N.Y. Times continues tradition of inept California coverage

Oct. 30, 2012

By Chris Reed

The New York Times’ history of poor coverage of California is extreme. It always blames Prop. 13 for the state’s problems. It offers 8,000-word analyses of California’s government dysfunction that never mention the power of unions. And now, in an analysis of the San Diego mayor’s race, it offers a lazy but dishonest thesis:

“SAN DIEGO — A victory for Carl DeMaio, who is locked in a tight mayoral race, would make San Diego the second-largest city in the country to elect an openly gay mayor and by far the largest to elect a gay Republican.

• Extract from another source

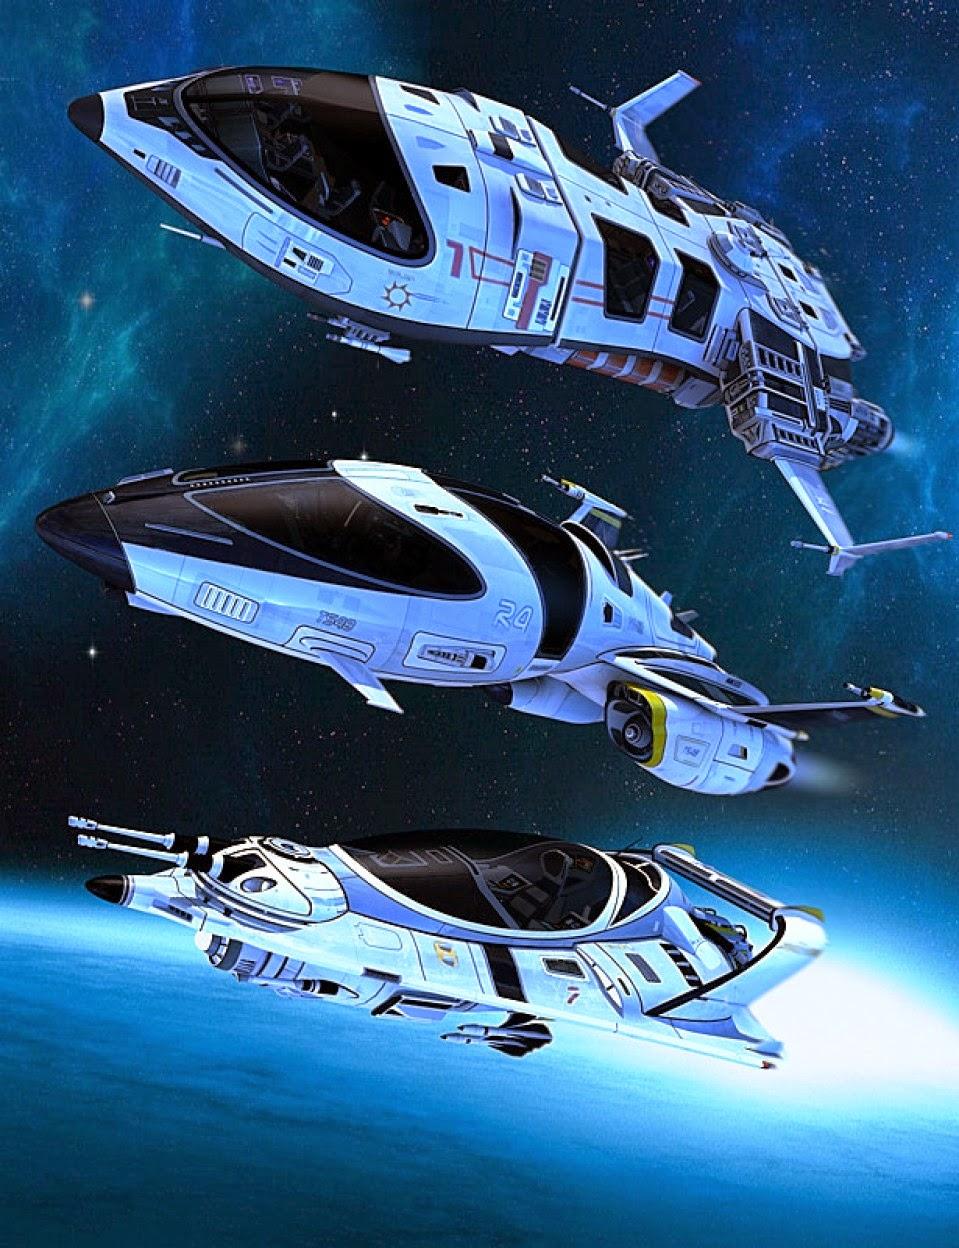 Poser and DAZ Studio 3D Models: Spaceship|DAZ Studio and Poser Content

“Yet, perhaps no group has opposed DeMaio as loudly as this city’s sizable gay and lesbian population.”

This is malarkey, as our logorrheic vice president would say.

It wasn’t gays who are strongly suspected of vandalizing DeMaio’s car last year as he gathered signatures for a landmark pension-reform measure. It wasn’t gays who mocked DeMaio for being gay in an online posting. It isn’t gays who are funding Bob Filner, his opponent.

It is union members, who fear DeMaio could start a privatization trend in San Diego that could be copied nationwide.

But that doesn’t fit the NYT agenda, so fuhgeddaboutit.